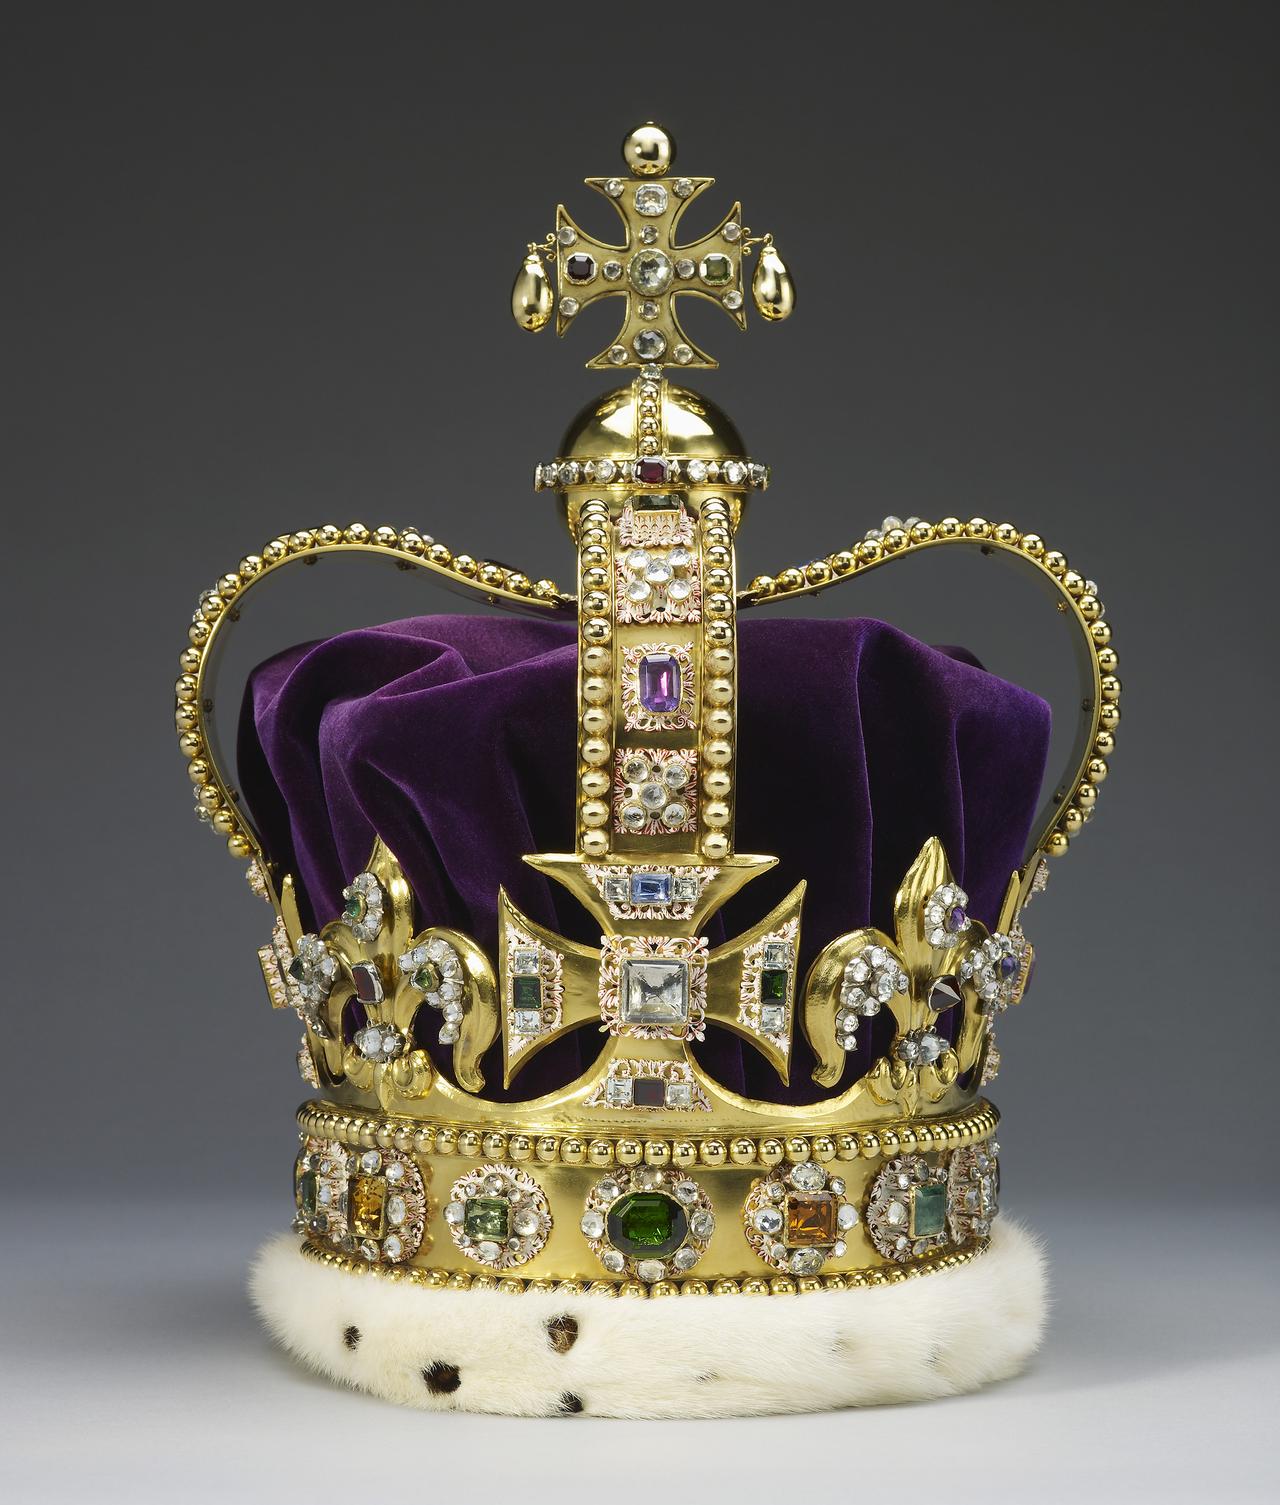 Edwardskrone der britischen Monarchie
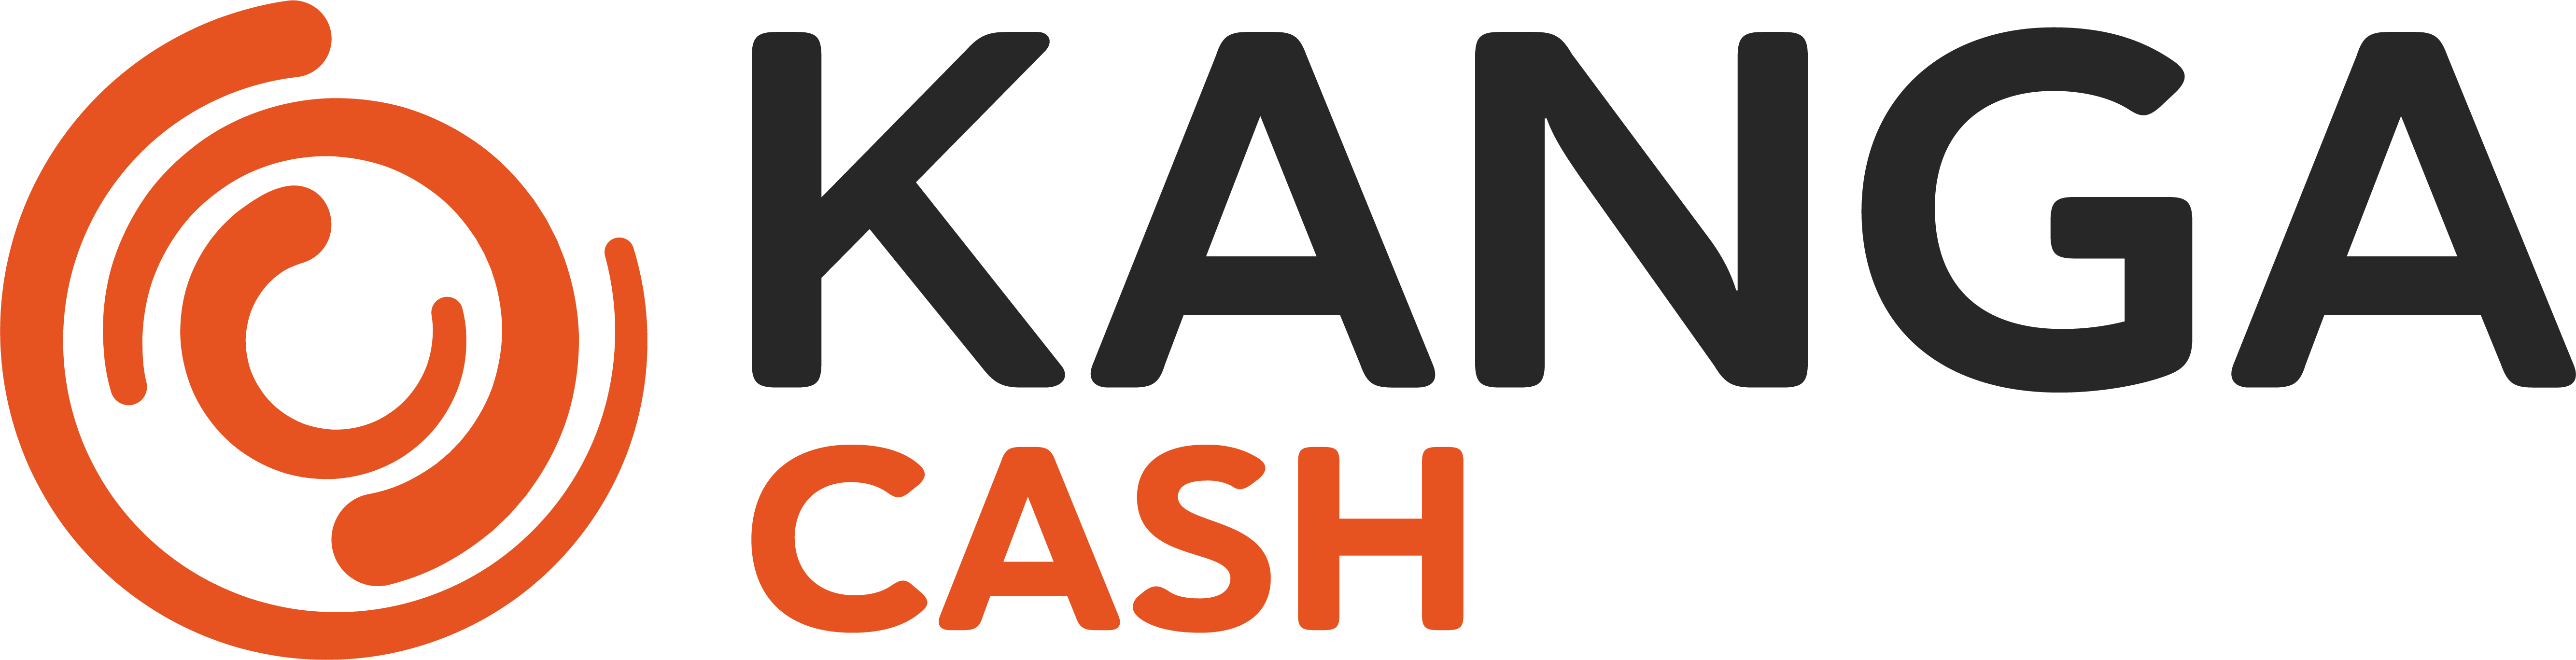 logo kanga cash
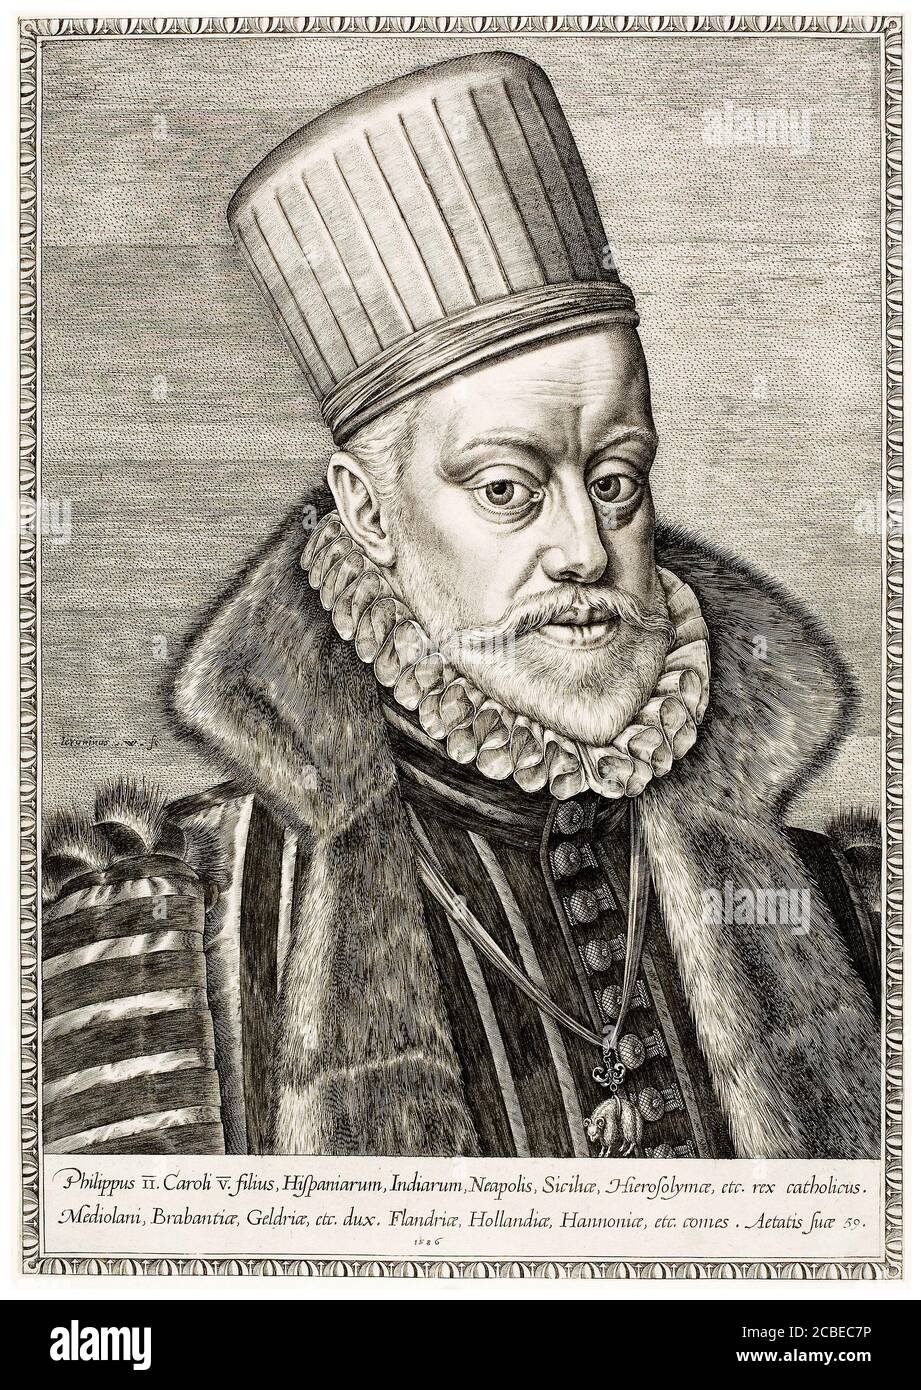 König Philipp III. Von Spanien (1578-1621), Porträtstich von Hieronymus Wierix, 1586 Stockfoto
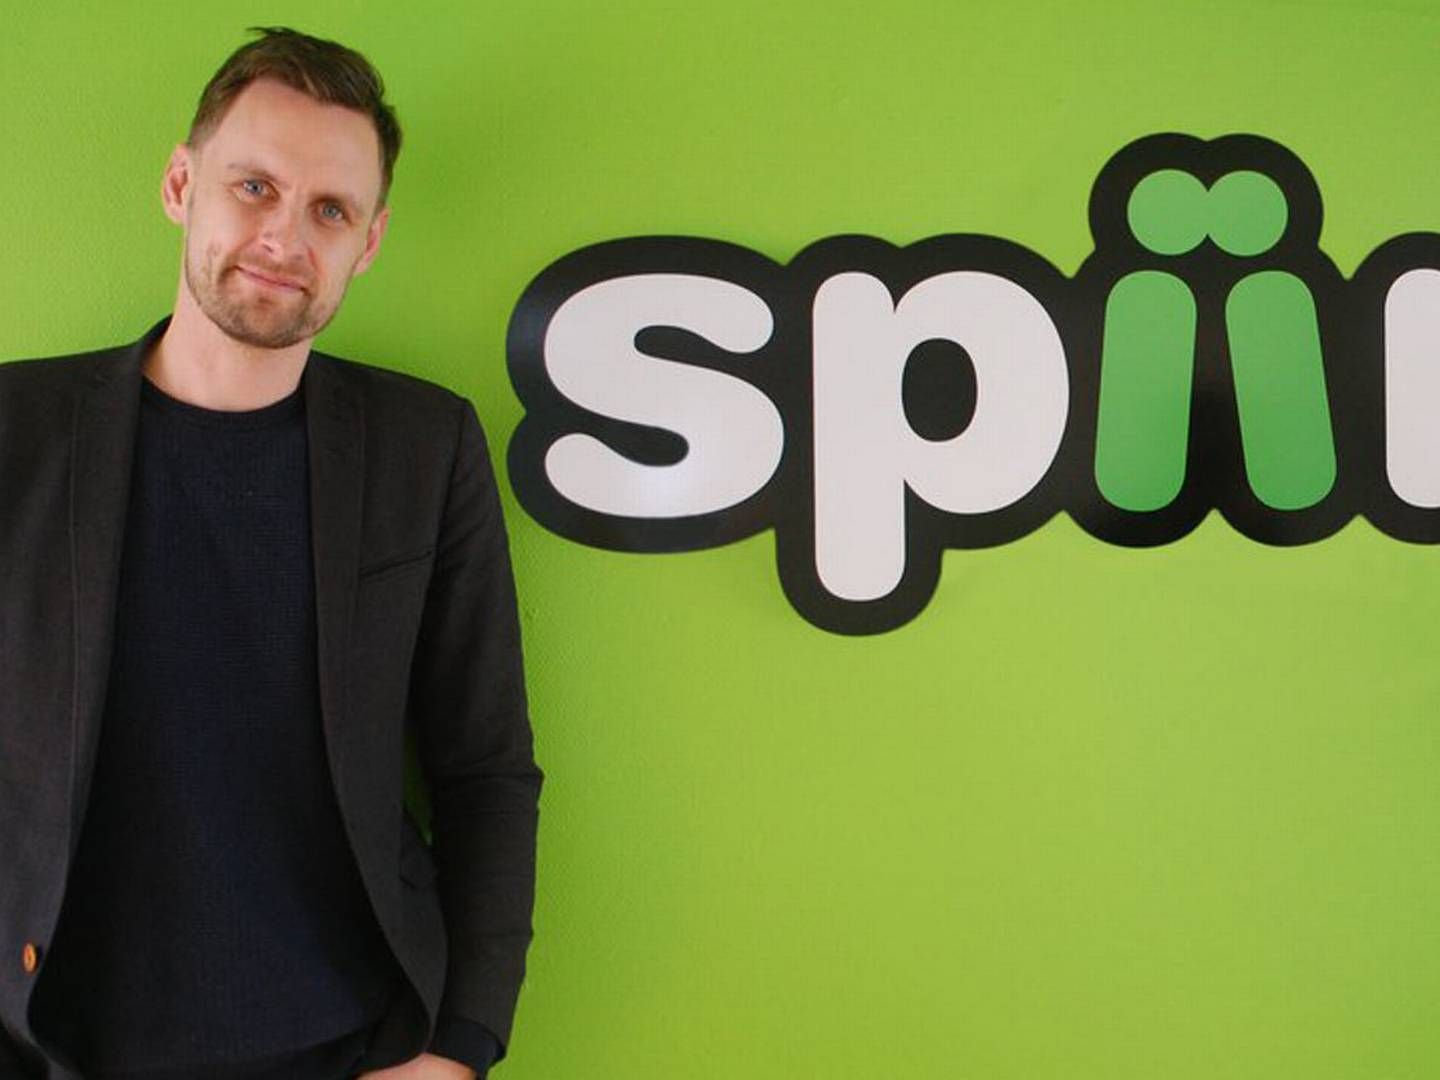 Rune Mai er direktør for fintechvirksomheden Spiir.

Assignment –
Transcribe exactly, and without any pictures, each line from the one that holds "logo kanga cash" through the final line of the material above.

Exercise solution –
 logo kanga cash
 König Philipp III. Von Spanien (1578-1621), Porträtstich von Hieronymus Wierix, 1586 Stockfoto
 Rune Mai er direktør for fintechvirksomheden Spiir.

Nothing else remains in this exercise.